Let's stop policing the language of sex and romance

Hey hey, it’s Aromantic Spectrum Awareness Week. I already kind of cheated and started blogging about this last week, but needs must and all. This week, not-so-coincidentally timed to follow Valentine’s Day, is all about reminding the world that not everyone experiences romantic attraction in the same way, or to the same degree. And today I want to do this by picking apart the seams we often imagine between romance and sex.

I recently read Son of a Trickster, a new novel from Eden Robinson. I highly recommend it; go check it out!

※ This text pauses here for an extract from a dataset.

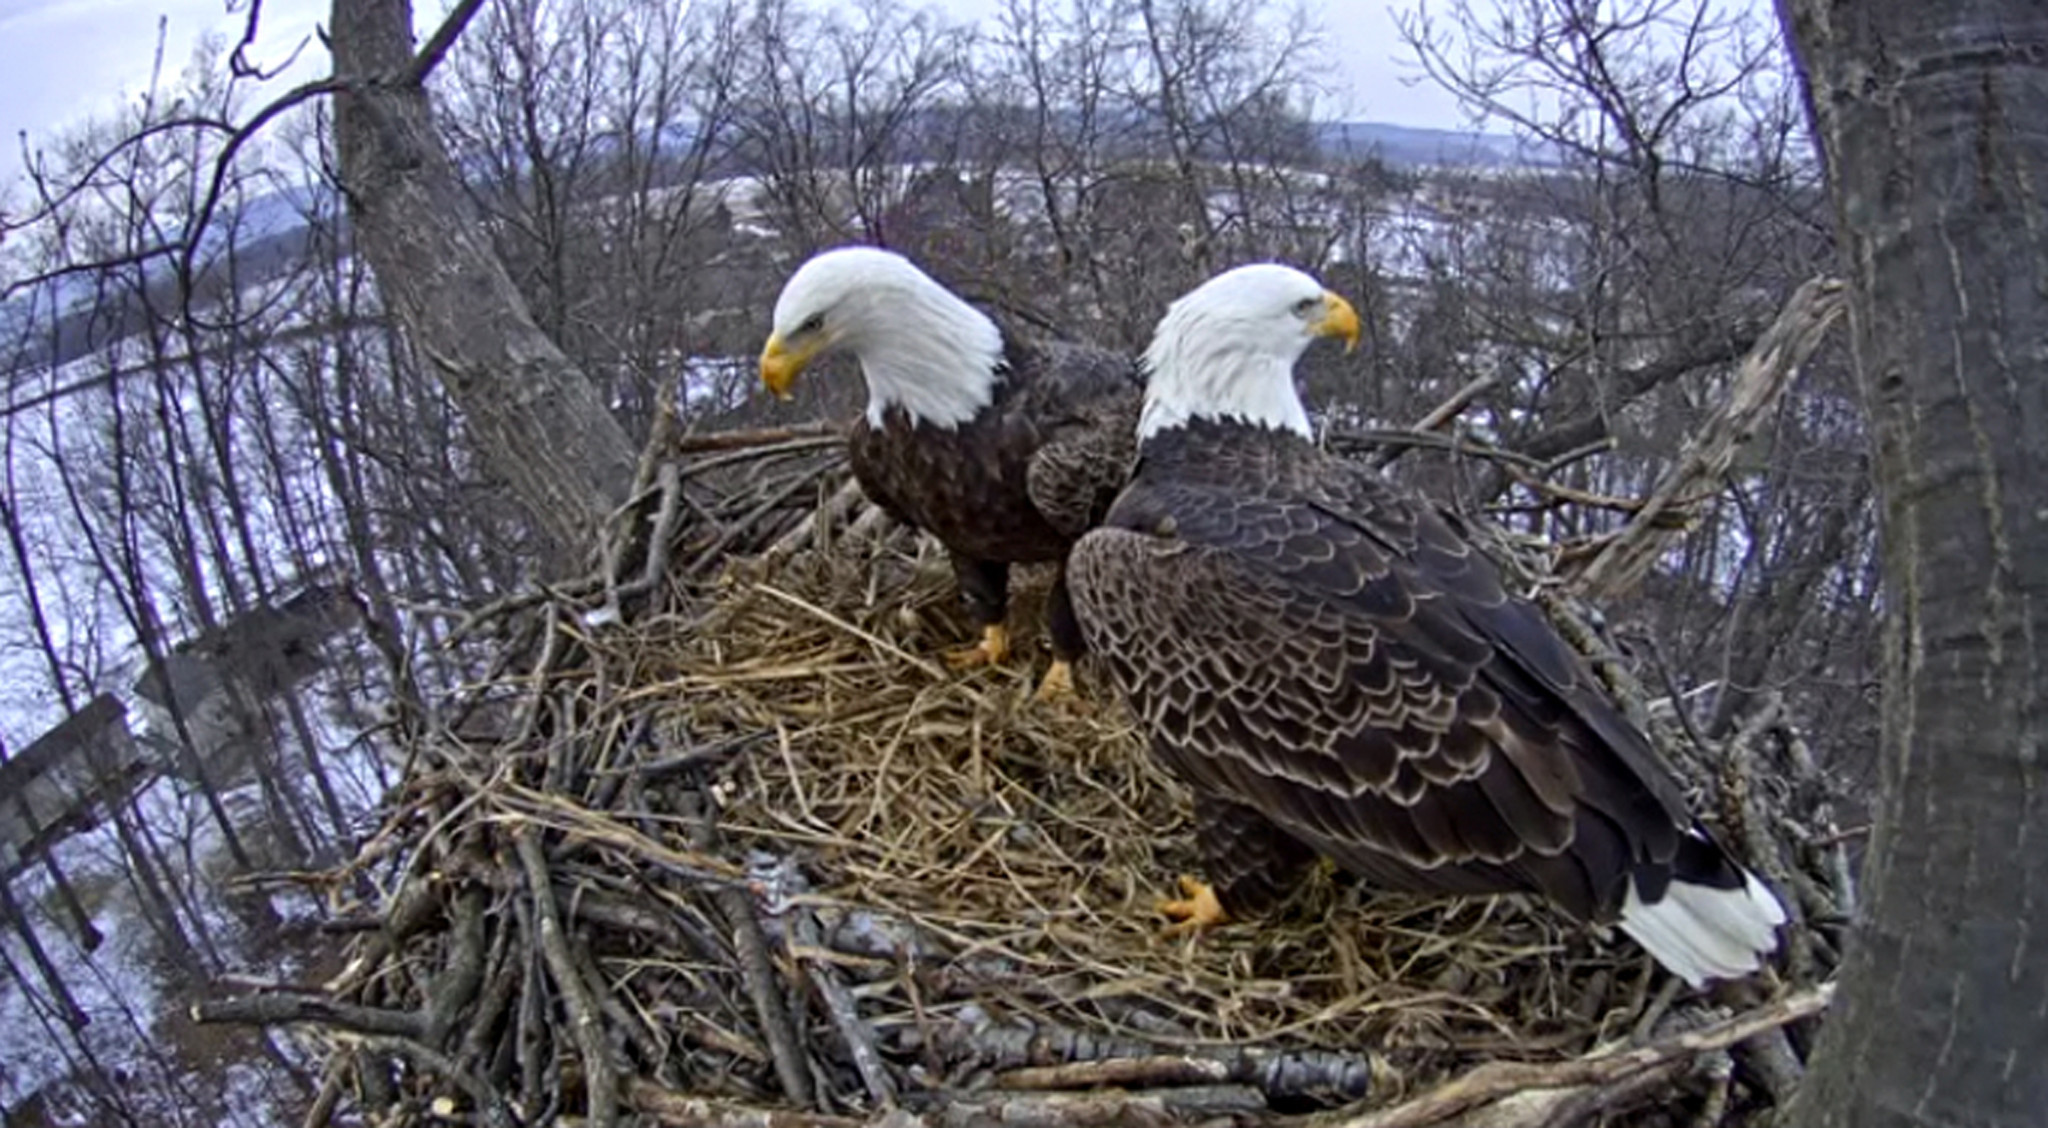 Hanover eagle nest partially collapses ahead of cam shutdown - The Morning Call2048 x 1128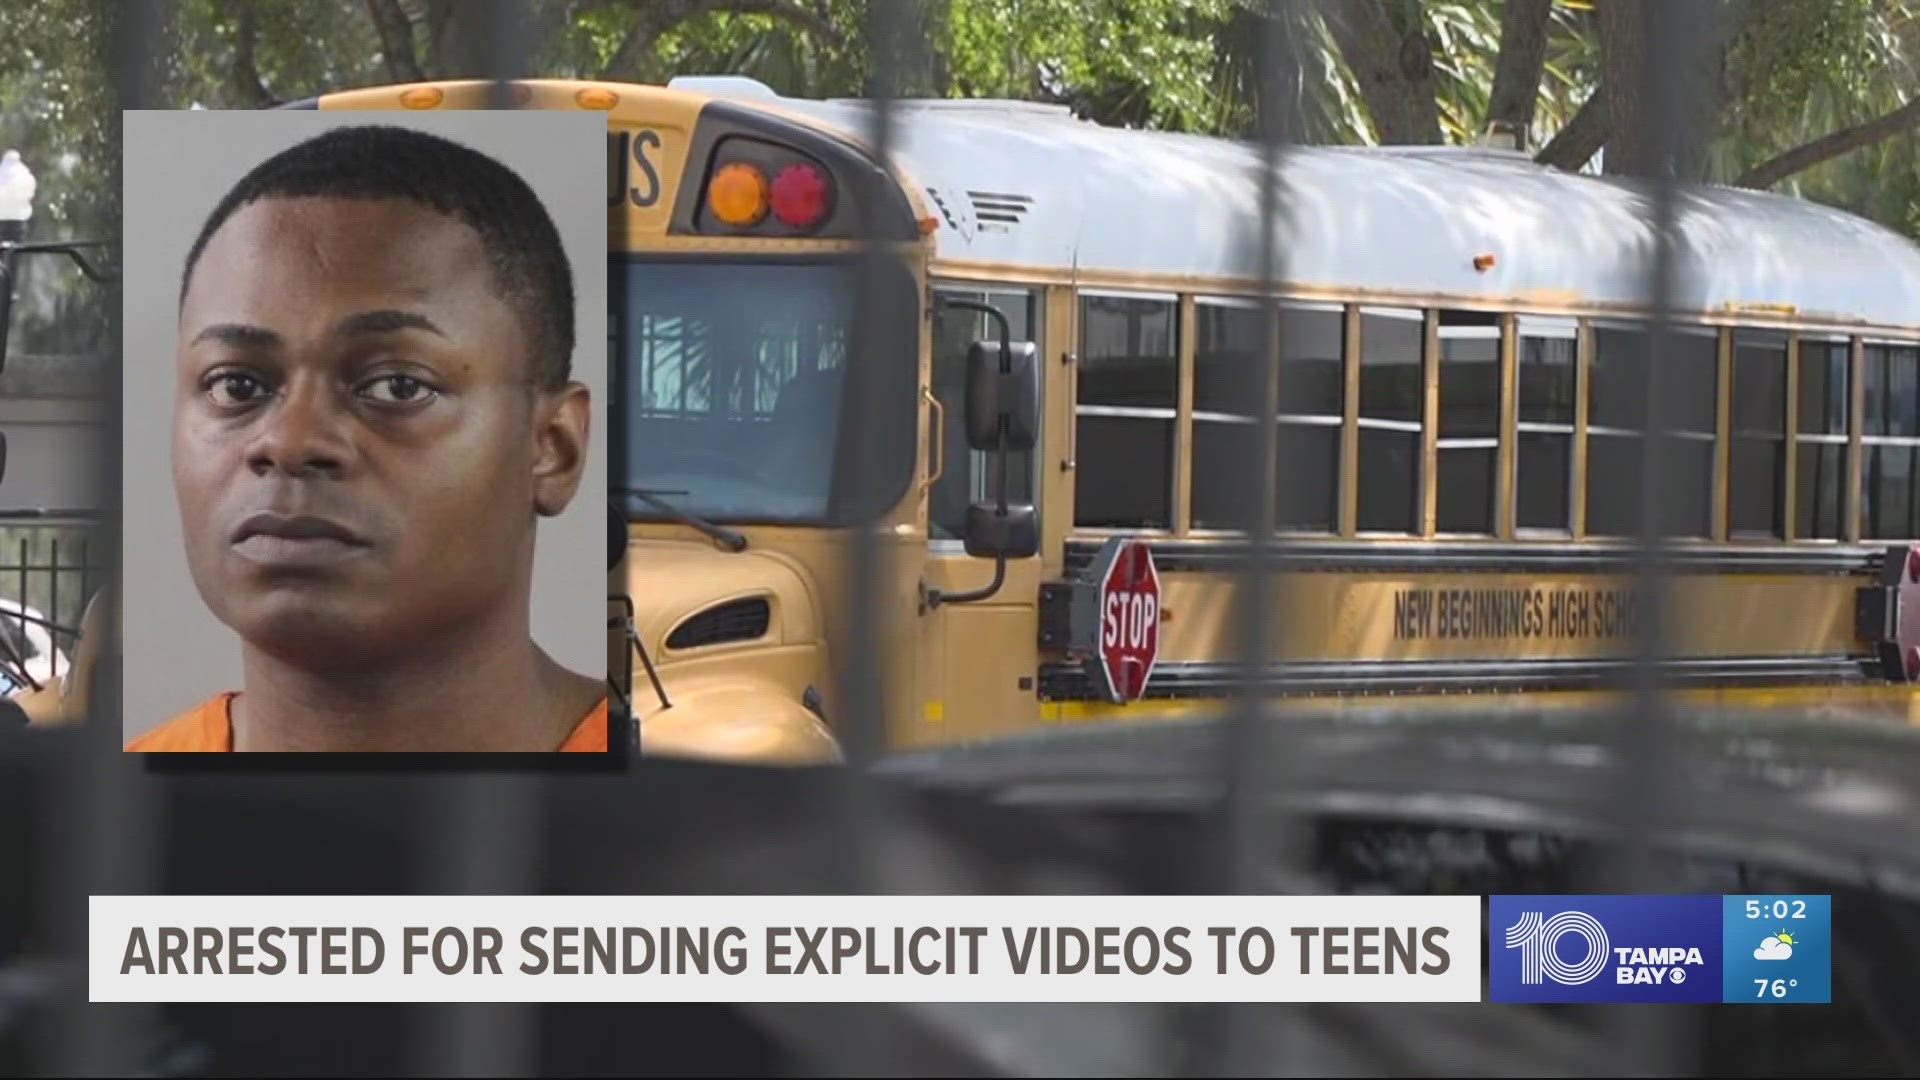 Jerron Dunn asked at least one student to come to his house, the sheriff's office said.

There’s a fabulous exchange between the teenage protagonist, Jacob, and Sarah; they are sexual partners but their relationship status is blurry and ill-defined at this point:

“No, you don’t understand. I’m not regretting it. I’m saying I don’t believe in monogamy, but I don’t fall in the sack with just anyone. And I certainly don’t believe in gender the way you do, and you’ve made it clear that you find my ways ‘pervy.’”

“What”?

“I’m normally attracted to people willing to push heteronormative boundaries.”

Jacob felt his eye twitching. “So you’re gay?”

“There you go,” Sarah said. “Thinking in Western binaries again.”

“So you’re not gay.”

“It’s like talking to a wall,” Sarah said through gritted teeth. “Do you even listen to anything I say?”

“But what does that mean? For us?”

“It means you confuse the hell out of me. I’m frustrated.”

“Well, that’s a big ditto.”

“You’re so retro. How can I be with someone who still defines himself as strictly male?”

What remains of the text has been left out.